White label under left side of right pocket flap with RW, serial number, and size. Very much like originals.

Inspector stamp

Correct stamp with AN and X60 within circle placed on lining toward bottom left front corner, as in originals. Outside diameter of circle is 9/16 inches, which is slightly smaller than the often seen original mark of 5/8 inches diameter. My 1993 Eastman Rough Wear has a 5/8 inch mark but with AN P138 inside.

Insignia stamp/transfer

No AAF insignia stamps or transfers on this example.

Summary and overall impression

The construction and quality of this jacket and the faithfulness to the original Rough Wear are uniformly excellent and would be difficult to exceed. The character of the hide, in particular by bearing such a strong resemblance to a hide of wartime manufacture, stands out as a defining feature.

The combination of quality and authenticity comes about as close to rating a 10 out of 10 as I've seen in a reproduction.
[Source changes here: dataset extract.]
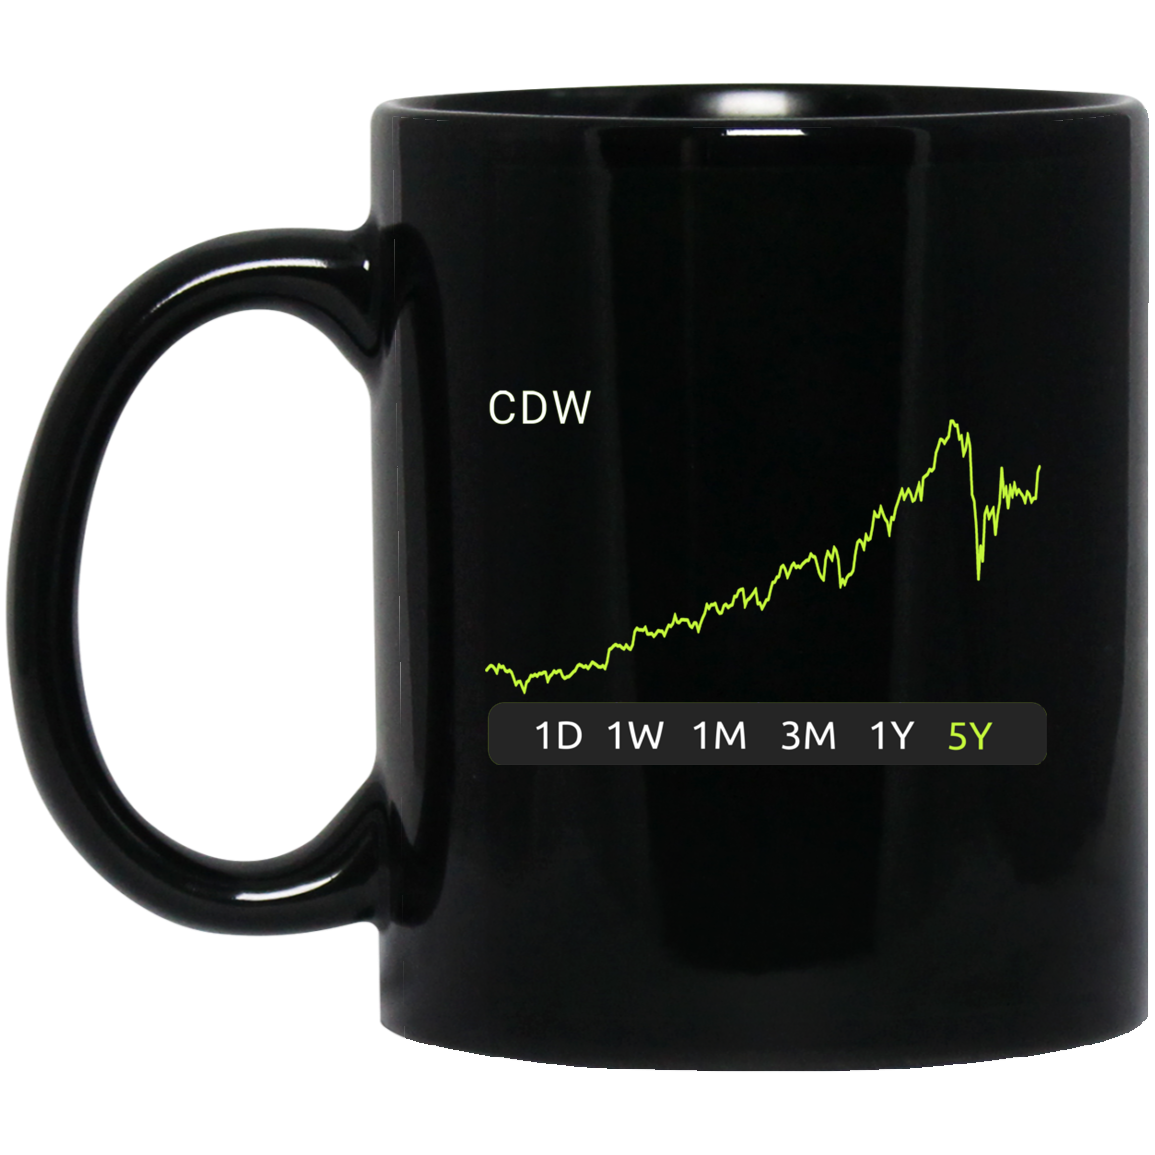 CDW Stock 5y Mug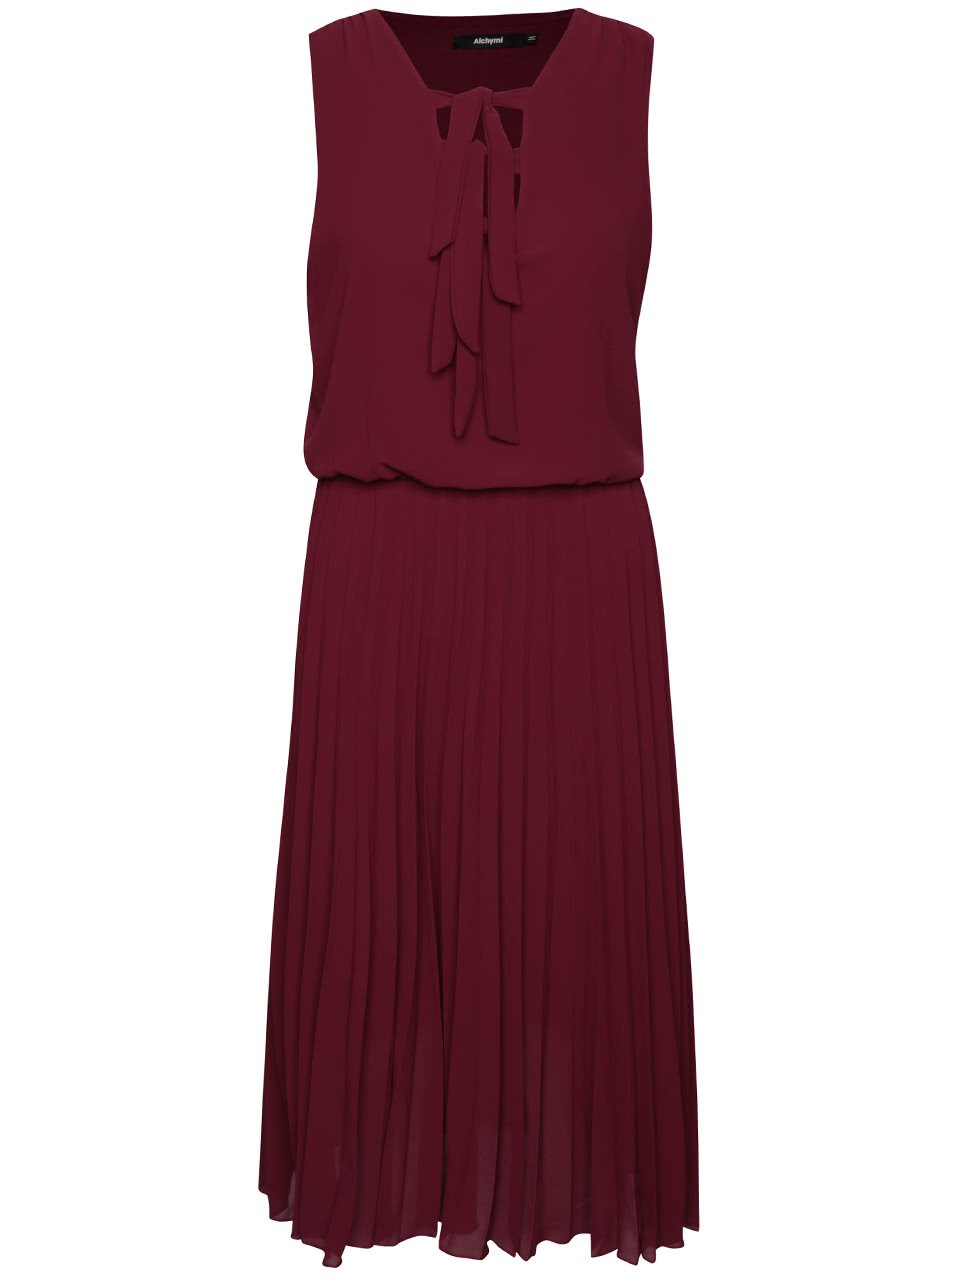 Vínové šaty s plisovanou sukní Alchymi Lavonne

By my personal qualifications, it could have a chance at a 10 if it had a Crown zip, was less red in tone, had the more reddish than brown lining, had dimples in the pocket snap studs, and had some other small adjustments to the label lettering, the seam top stitching, the size of the inspection stamp, and maybe a little wider wind flap. Admittedly, though, that's lot of picky detail. I would highly recommend this jacket to anyone.

For more information

See the Eastman Leather Clothing Web site at www.eastmanleather.com. For U.S. and Canadian sales and information, see the History Preservation Associates Web site at www.historypreservation.com.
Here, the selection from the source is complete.